THE PROBLEM:
A word-for-word copy of the data is what's wanted; pictures stay out of it.
BEGIN DATASET EXCERPT
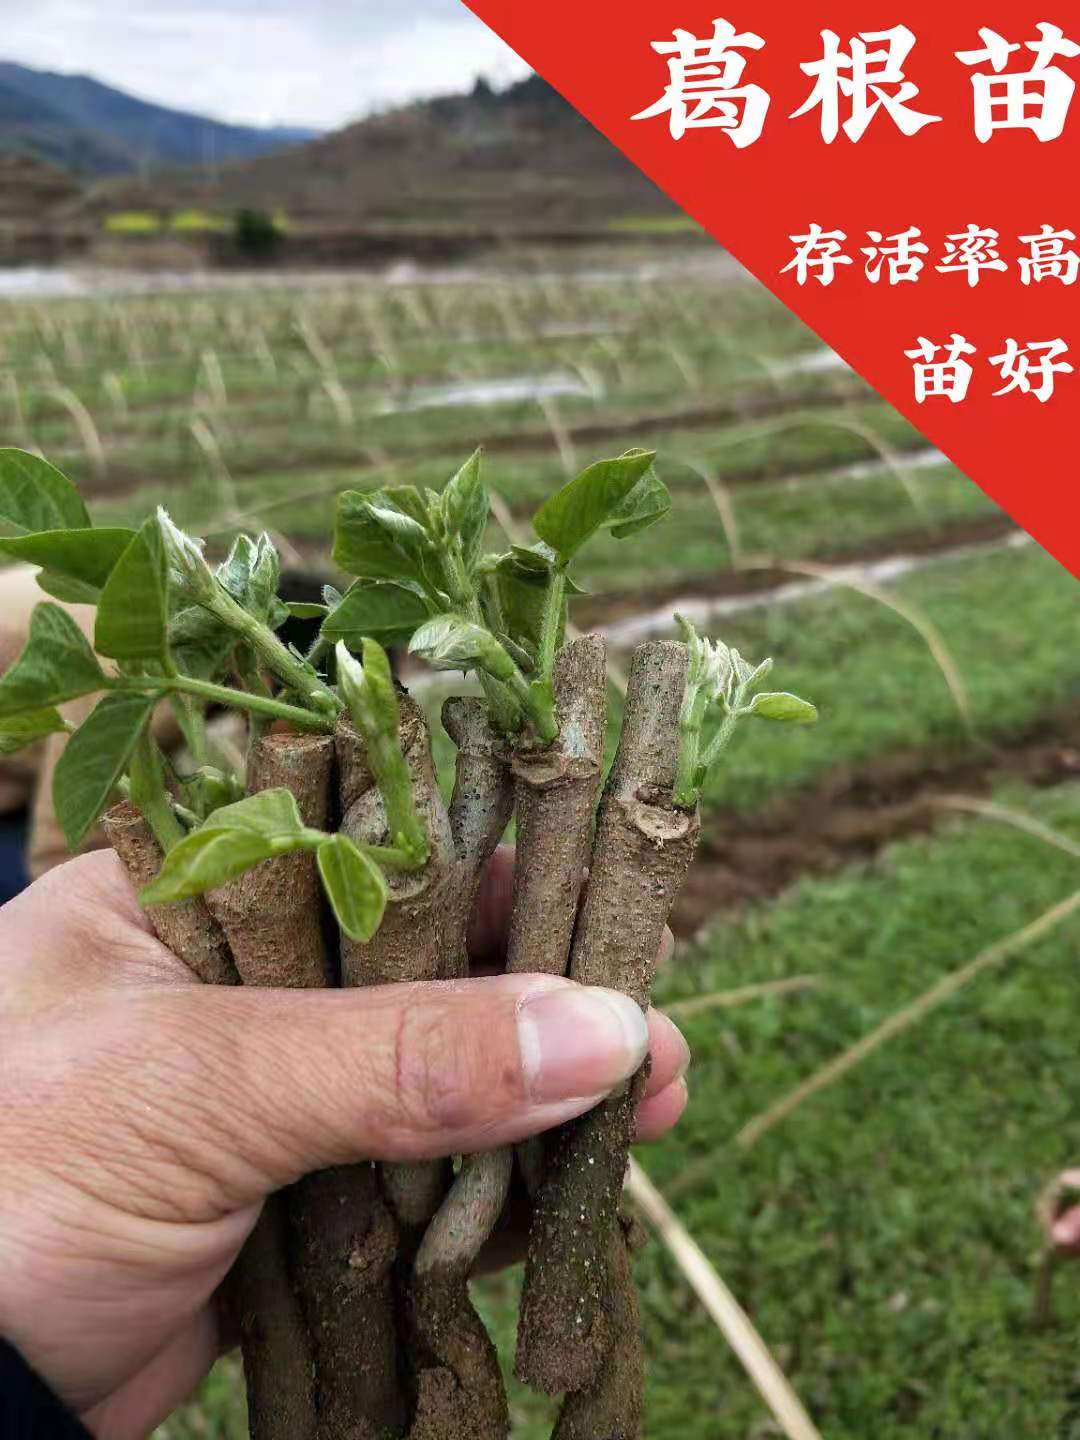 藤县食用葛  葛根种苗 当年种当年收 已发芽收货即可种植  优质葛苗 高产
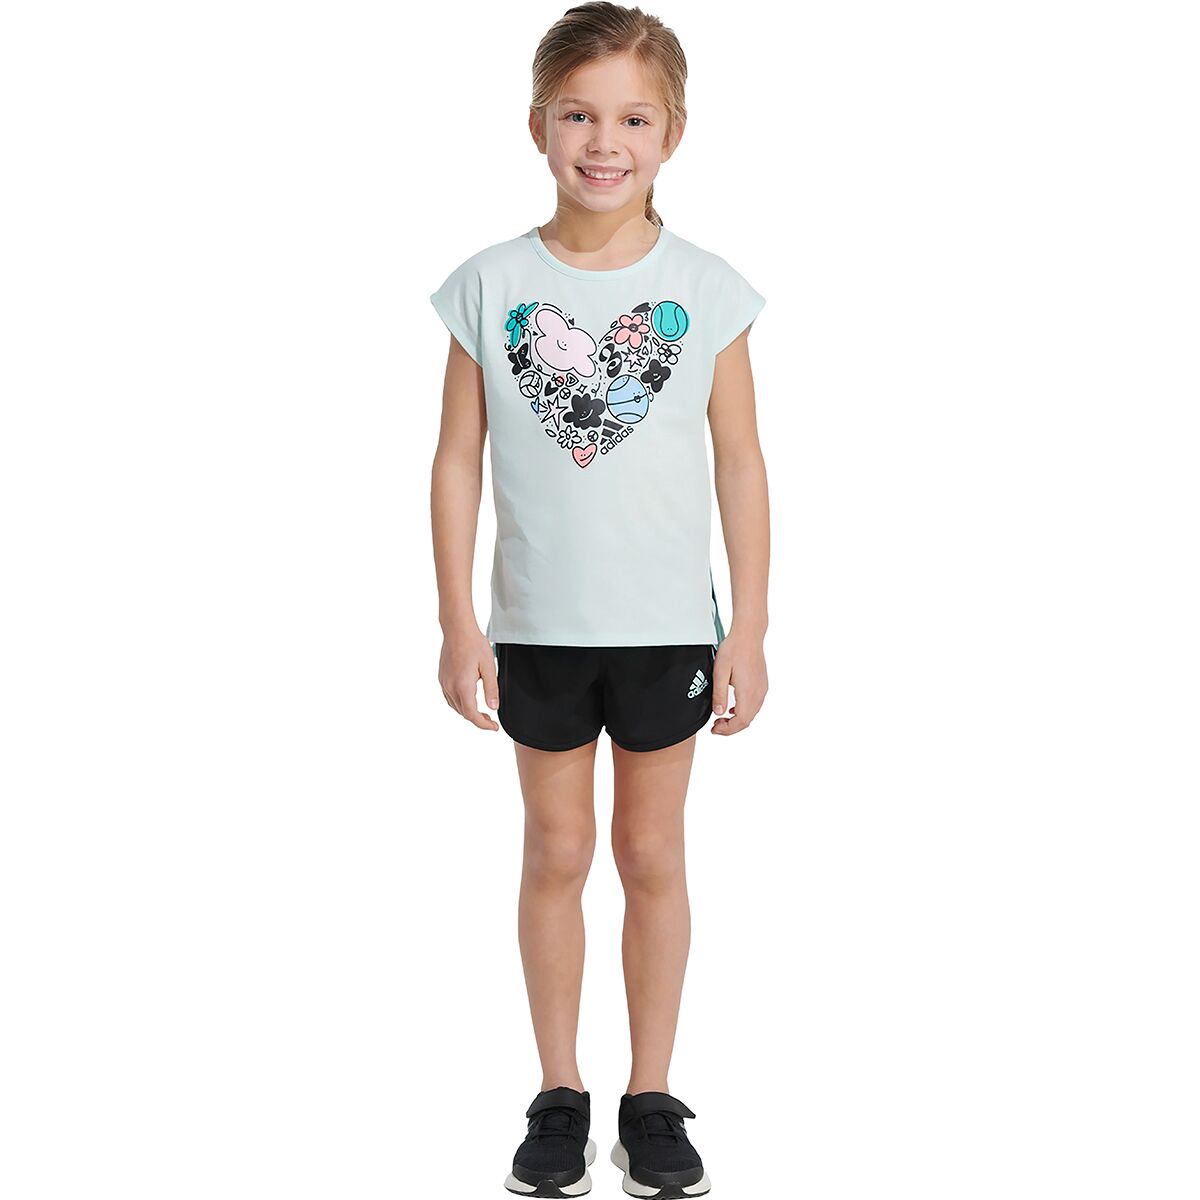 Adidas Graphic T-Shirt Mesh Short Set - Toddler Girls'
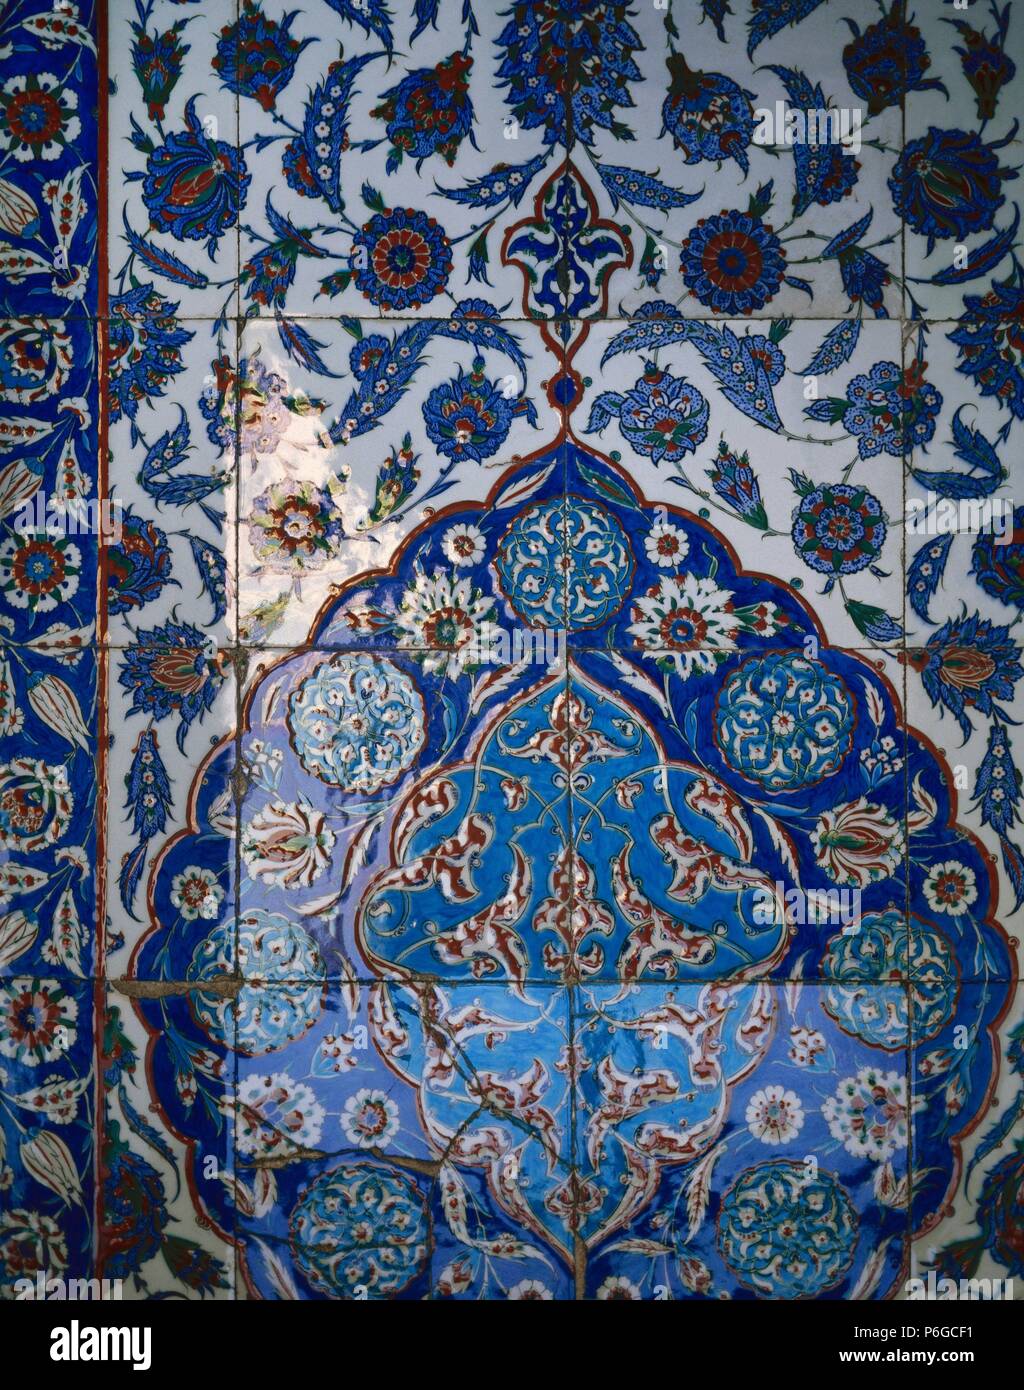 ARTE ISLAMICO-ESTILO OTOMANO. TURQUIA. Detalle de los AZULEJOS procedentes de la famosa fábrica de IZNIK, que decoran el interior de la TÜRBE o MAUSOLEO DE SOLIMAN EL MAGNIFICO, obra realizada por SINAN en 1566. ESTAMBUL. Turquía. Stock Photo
END DATASET EXCERPT
ANSWER TO THIS TASK:
 藤县食用葛  葛根种苗 当年种当年收 已发芽收货即可种植  优质葛苗 高产
 Adidas Graphic T-Shirt Mesh Short Set - Toddler Girls'
 ARTE ISLAMICO-ESTILO OTOMANO. TURQUIA. Detalle de los AZULEJOS procedentes de la famosa fábrica de IZNIK, que decoran el interior de la TÜRBE o MAUSOLEO DE SOLIMAN EL MAGNIFICO, obra realizada por SINAN en 1566. ESTAMBUL. Turquía. Stock Photo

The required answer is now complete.